A troff to HTML Conversion Program
troff_to_html - a TROFF to HTML Convertor
Paul E. Dunne
Department of Computer Science
University of Liverpool
Liverpool L69 3BX
The following describes a very basic text conversion facility
for translating a troff source file (using the -ms macro set) to
a HTML file suitable for vieweing using mosaic or netscape.
The translator is invoked (locally) via the command
~ped/bin/troff_to_html < input_file > output_file
A (uuencoded compressed) binary (HP7000 Series) is here
Source program (written in Ada) is here
where input_file is a troff source file (that may include directives
for the pre-processors pic, and eqn), built using the -ms macro set.
output_file will be a HTML source file.
A C++ version (compiling under c89) has been produced by Dave McGaw and
may be found here. Please note that this
requires a dictionary file for special characters located here
and an include (.h) file that is here.
-ms macros Recognised and Translated
.NH Numbered headings (parameters to .NH are ignored, e.g. .NH 2 processes as .NH)
.SH Un-numbered headings
.LP New paragraph and serves as break for .IP (see below)
.PP New paragraph and serves as break for .IP (see below)
.IP Indented paragraphs (paragraph labels are ignored); these are processed
as un-ordered lists, the list being terminated when .LP or .PP directive encountered.
.DS/.DE The text between these is left unaltered, hence .DS/.DE translate to HTML <pre> and </pre>.
.EQ/.EN An (extremely crude) attempt is made to process the eqn text between these.
.PS./.PE Translated to an anchor to a given file `picture<n>.gif' (where <n>) starts from 1.
This file should be created (by the user) to hold the relevant picture.
.TS/.TE Simple table handling.
Extensions August 1996: Two artificial directives have been added, to allow printing
of $ symbols: These are:
- .NE (No Eqn) treat $ in text as character not as opening of eqn expression. (default)
- .EO (Eqn On) Treat $ in text as start of eqn expression.
No limit on number of rows/column. New version (July 1996) uses HTML <table>
Also incorporates HTML <table> (errors in previous version corrected, July 1996).

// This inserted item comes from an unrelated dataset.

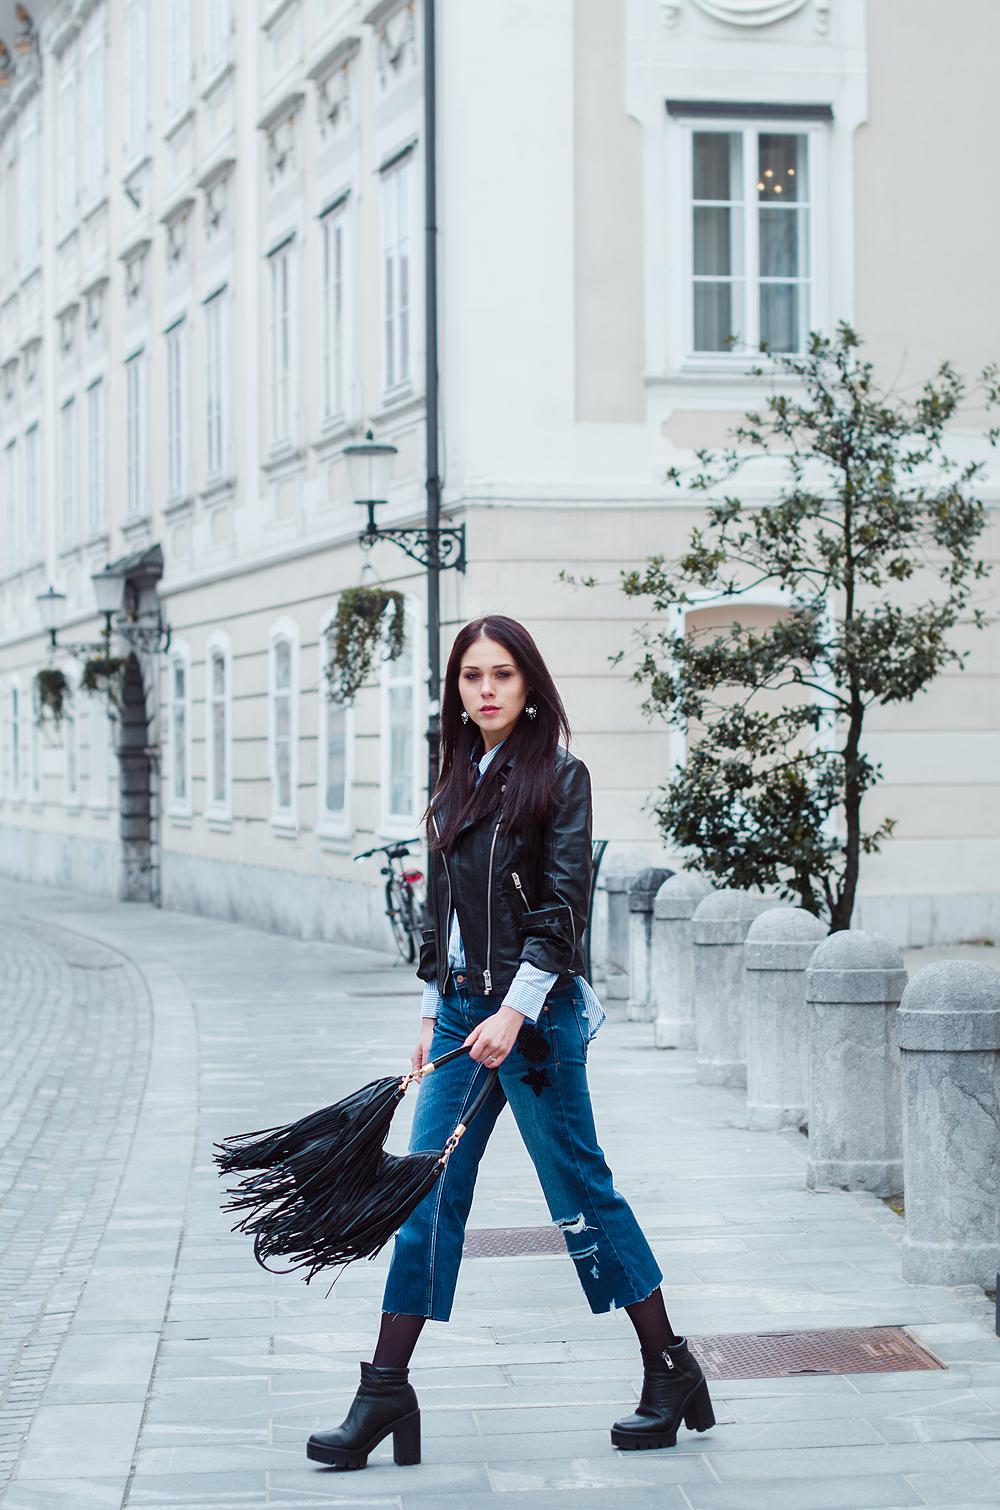 Eva Ahačevčič_Love, Eva_Diesel_leather jacket_Modni dodatki Bling bling_Crop pants_OOTD_Fringes_H&M 1

Multiple row formats allowed (max 70 rows/20 columns).
NoteNo font changes or eqn inside table entries. Multi-column spans generally
don't look very good. It is assumed that the table specification is valid (otherwise
conversion program will crash).
troff Directives Recognised and Translated.
In addition diacritical marks (umlaut, grave, and acute accents) are dealt with.

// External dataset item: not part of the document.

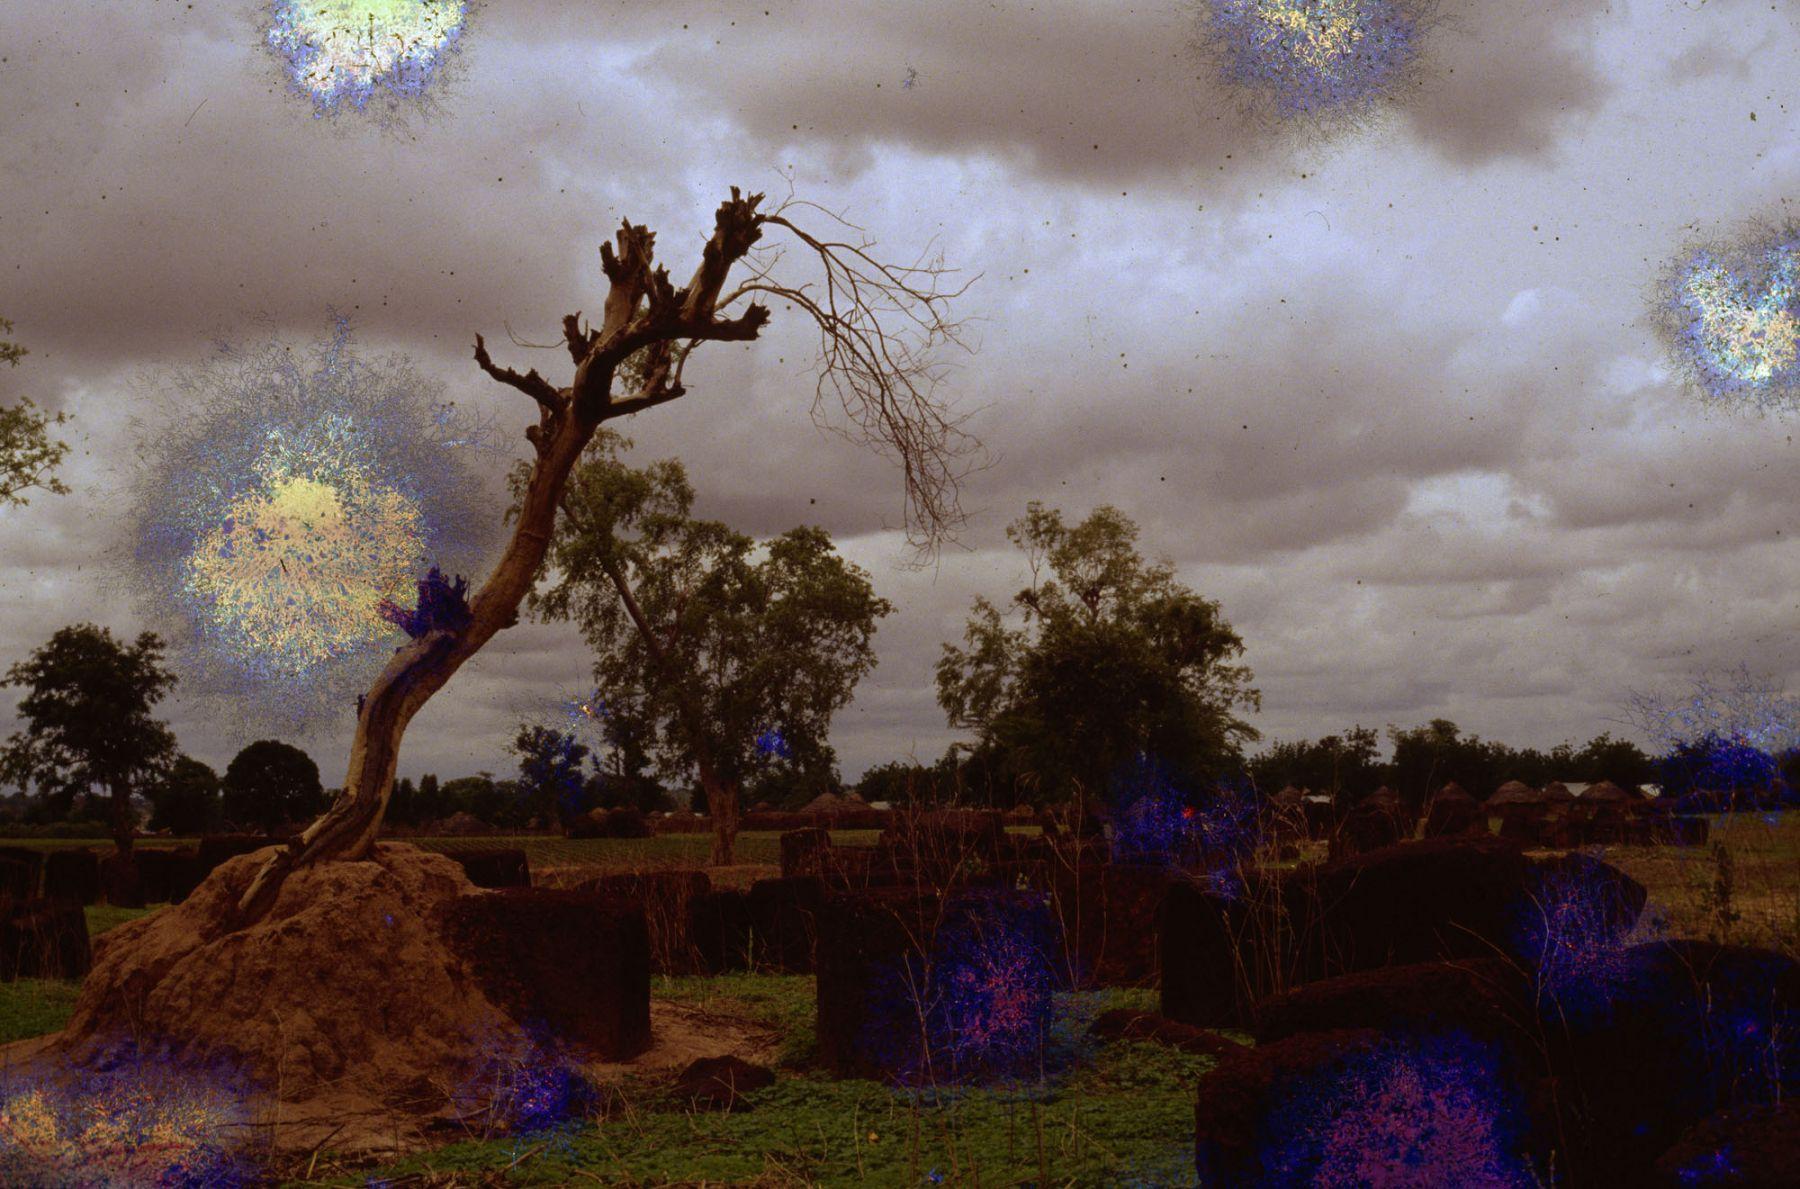 Toni Kleinlercher, Le fantôme afrique, Kaolack, 1990-2012

.ce Printed as a 3rd level heading. Parameters to .ce are ignored.
.ft Change font. Roman (R), Italic (I), Bold (B), Courier (C) are all recognised.
.ul Print next line of text in italic font.
.so Will create an anchor point to the file indicated by the .so command. Link in
text will be indicated as `anchor<n>'.
.br/.sp Causes a line break. Parameters to .sp are ignored.
Text in the form $...$ is regarded as introducing an eqn expression. If the first
character after $ is the character ^ then the text is left in its literal form.
Note: All lines opening with a full-stop are ignored unless the line
is a directive recognised by the translator.